President Trump recently nominated Judge Neil Gorsuch to fill the vacant seat on the U.S. Supreme Court (SCOTUS) bench. If he’s confirmed by the Senate, Gorsuch would likely align with the more conservative bloc of justices to form a slim majority in tight cases. The question on the mind of employers across northeast Ohio and the nation is: How would Gorsuch rule on workplace law cases that come before the SCOTUS?
A review of Gorsuch’s 10-year tenure on the U.S. Court of Appeals for the 10th Circuit reveals two key themes in workplace law cases. First, he’s shown a consistent reluctance to second-guess employer decisions. In multiple cases, Gorsuch admits that although a situation could have been handled better by the employer, the judiciary’s role isn’t to act as a “super personnel department” that questions employers’ rational, even if erroneous, business judgments. Another theme permeating through Gorsuch’s workplace law opinions is a common-sense approach to evaluating the merits of a claim. His opinions show an ability to step back and analyze a situation while applying the cumbersome legal standards applicable to many employment cases. More often than not, this approach has benefited employers.

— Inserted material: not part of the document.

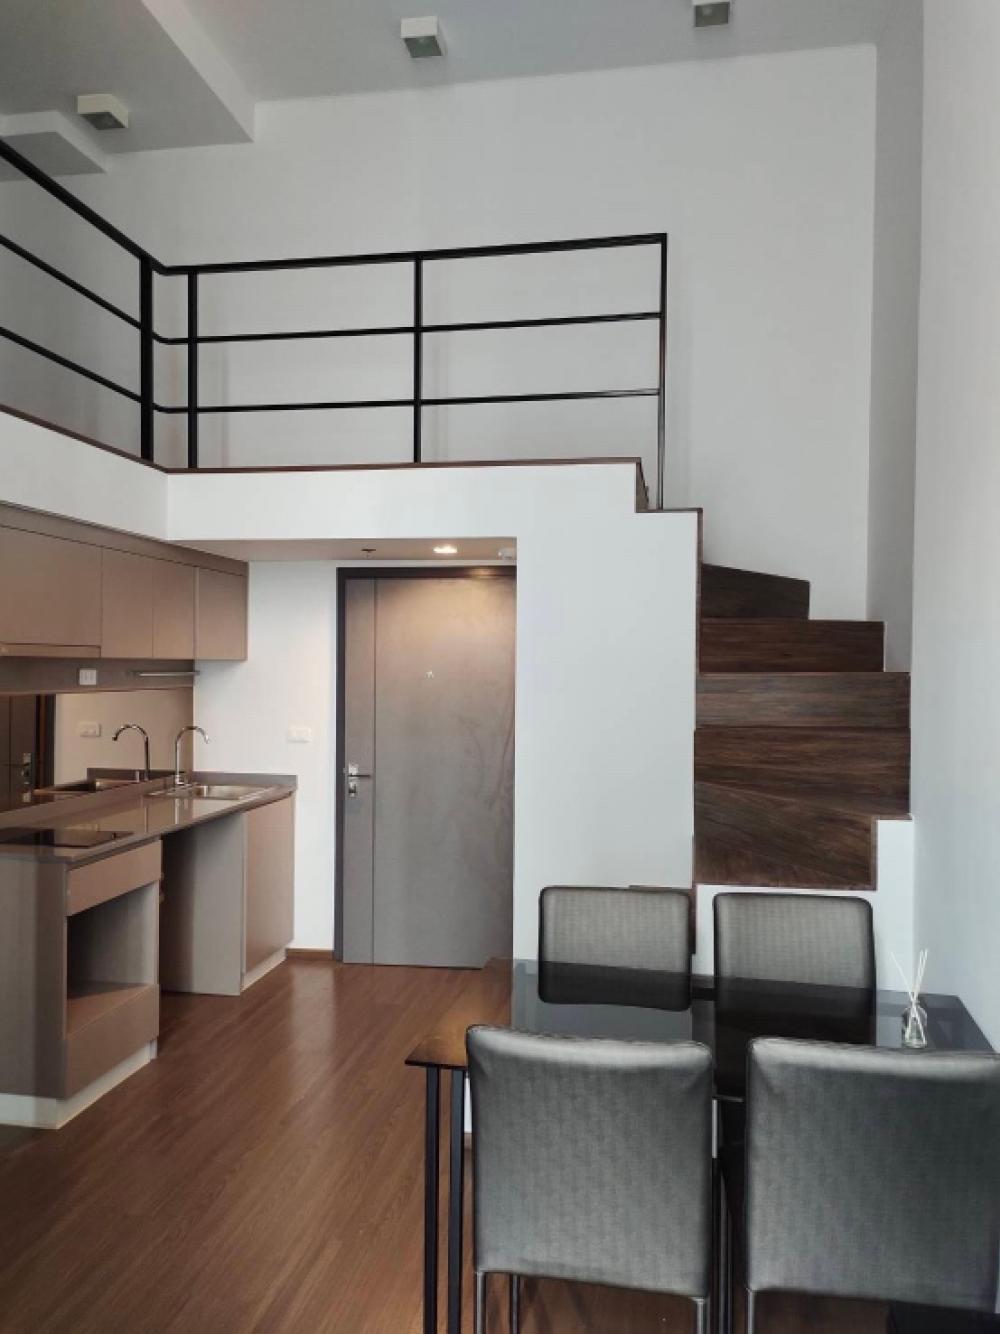 For SaleCondoRama9, Petchburi, RCA : For sale Condo for sale near Rama IX! ideo new rama9 (Ideo Rama 9, new cut) hybrid 2 bed 52 sq m, floor 24+, price 5,0490,000 baht, free of all expenses.

Willingness to Challenge Federal Agency Authority
During his tenure on the 10th Circuit, Gorsuch has shown an increasing disinclination to defer to a federal agency’s interpretation of federal law. Although he’s never hesitated to question whether a federal agency has overstepped its scope of authority, Gorsuch’s reluctance has recently turned into open animosity toward legal standards that afford a great deal of deference to federal regulations. Gorsuch advocates allowing courts to exercise their independent judgments in reviewing laws and regulations, without giving weight to agency interpretations. This view is a radical departure from existing SCOTUS precedent and is perhaps the singlemost defining characteristic that led President Trump to nominate Gorsuch.
Rulings on Workplace Law Cases
Gorsuch has widely been reported as a pro-business jurist. That sentiment likely comes from his track record of giving employers the benefit of the doubt when their actions are supported by tangible business and operational needs. As many employment cases require a plaintiff to connect specific activity with an underlying motivation or intent, employers will likely reap the benefit of Gorsuch’s approach.
However, Gorsuch’s record also shows he isn’t a rubberstamp for employer interests. He’s ruled in favor of employees on several occasions in retaliation cases – one of the most common legal issues employers face – and in gender discrimination claims. In workplace safety cases, Gorsuch has ruled for employers when there are sound business and security motivations for their actions. Gorsuch hasn’t had many opportunities to rule on cases brought under the Americans with Disabilities Act, an area fraught with legal landmines for employers. Therefore, it’s difficult to predict how Gorsuch would rule on these cases.
Perhaps his most notable opinion was the 10th Circuit’s ruling in the Hobby Lobby case on religious freedom. Gorsuch explained that the Aff ordable Care Act’s contraception mandate couldn’t be forced upon employers with religious objections. His opinion stated Congress structured the Religious Freedom Restoration Act to override other legal mandates, including its own statutes if and when they encroach on religious liberty.
Slightly Pro-Employee Approach to the NLRB
Gorsuch has proven to be a disciplined, balanced jurist when dealing with traditional labor issues. He has ruled the National Labor Relations Board (NLRB) exceeded its scope of authority and, on multiple occasions, has found that it acted appropriately based on its statutory authority. This balanced yet slightly pro-employee record in labor decisions could be tested quickly.
The existing eight-member SCOTUS recently agreed to consolidate and review three cases addressing the validity of class and collective action waivers in arbitration agreements under the National Labor Relations Act (NLRA). The NLRB has been involved in multiple cases in the federal district and circuit courts and has taken the position that an arbitration agreement requiring employees to waive their ability to bring class and/or collective actions violates the NLRA. This type of waiver has been a key tool for employers to limit potentially large exposure from these cases.
In 2015, the NLRB issued a decision that significantly altered the joint employer standard under the NLRA that could cause serious legal and liability repercussions for employers with temporary employees. That decision is currently on appeal before the U.S. Court of Appeals for the D.C. Circuit (where President Obama’s nominee, Judge Merrick Garland, serves as chief judge) and could end up before Gorsuch in the SCOTUS if he is confirmed.
Gorsuch’s young age would allow him to take part in potentially hundreds of workplace law cases. Although it’s impossible to predict how the SCOTUS will change in the future, Gorsuch would certainly play an important role in helping to shape workplace law for decades to come.